The Teleport Glide Microcatheter is a single-lumen catheter designed for use in peripheral blood vessels. It guides and supports a guidewire, allows for guidewire exchange, and delivers contrast media into peripheral vasculature. The device is available in three sizes with working lengths ranging from 65cm to 200cm and is compatible with standard 0.018-inch or 0.035-inch guidewires.

Technological characteristics

The device has the same indications for use, similar catheter design, similar materials of construction, and same sterilization method as predicate devices. Technological differences include specific materials selected and exact dimensions of components. The catheter has a hydrophilic polymer coating on the outer surface for lubricity and a fluoropolymer-lined lumen to facilitate guidewire movement.

Test standards cited

Not stated in this summary.
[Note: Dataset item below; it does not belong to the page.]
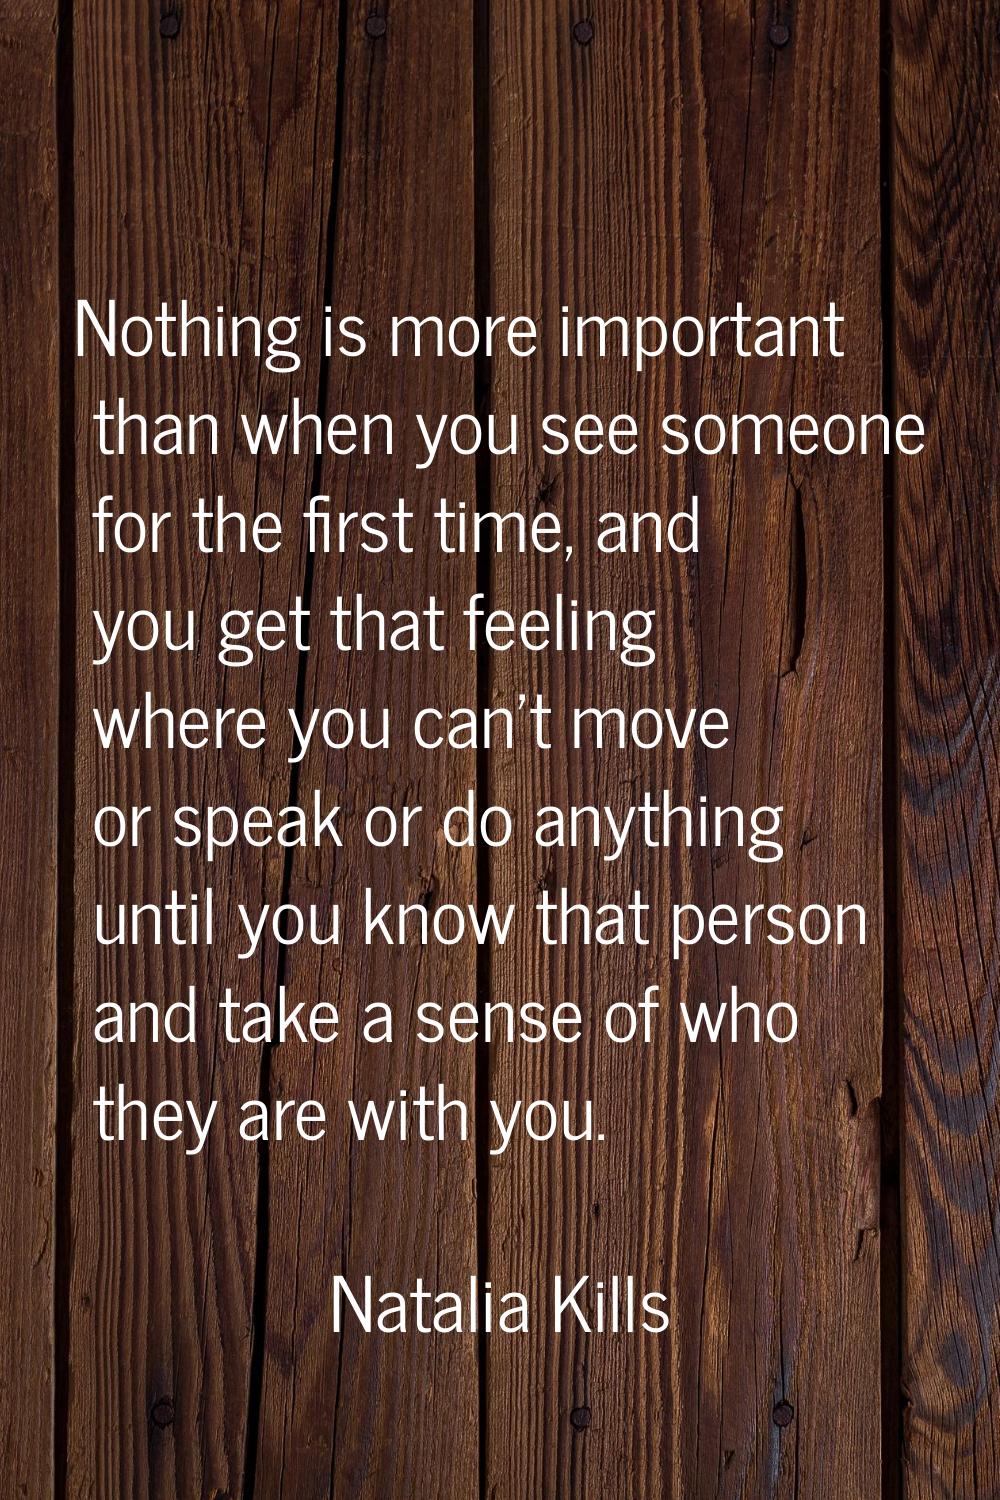 Nothing is more important than when you see someone for the first time, and you get that feeling wh

The document references ISO 13485 clauses for design controls, nonconforming product, corrective action, and preventative action, but does not cite specific consensus standards for device testing.

Substantial equivalence argument

The Teleport Glide Microcatheter is substantially equivalent to three predicate devices (Navicross 0.018", Terumo Support Catheter, and R2P Navicross) because it shares the same indications for use, similar design and materials, and equivalent sterilization methods. Comprehensive performance testing including sterilization, shelf-life, mechanical properties, biocompatibility, and hemocompatibility all met acceptance criteria, demonstrating that the design and construction are suitable for the intended use.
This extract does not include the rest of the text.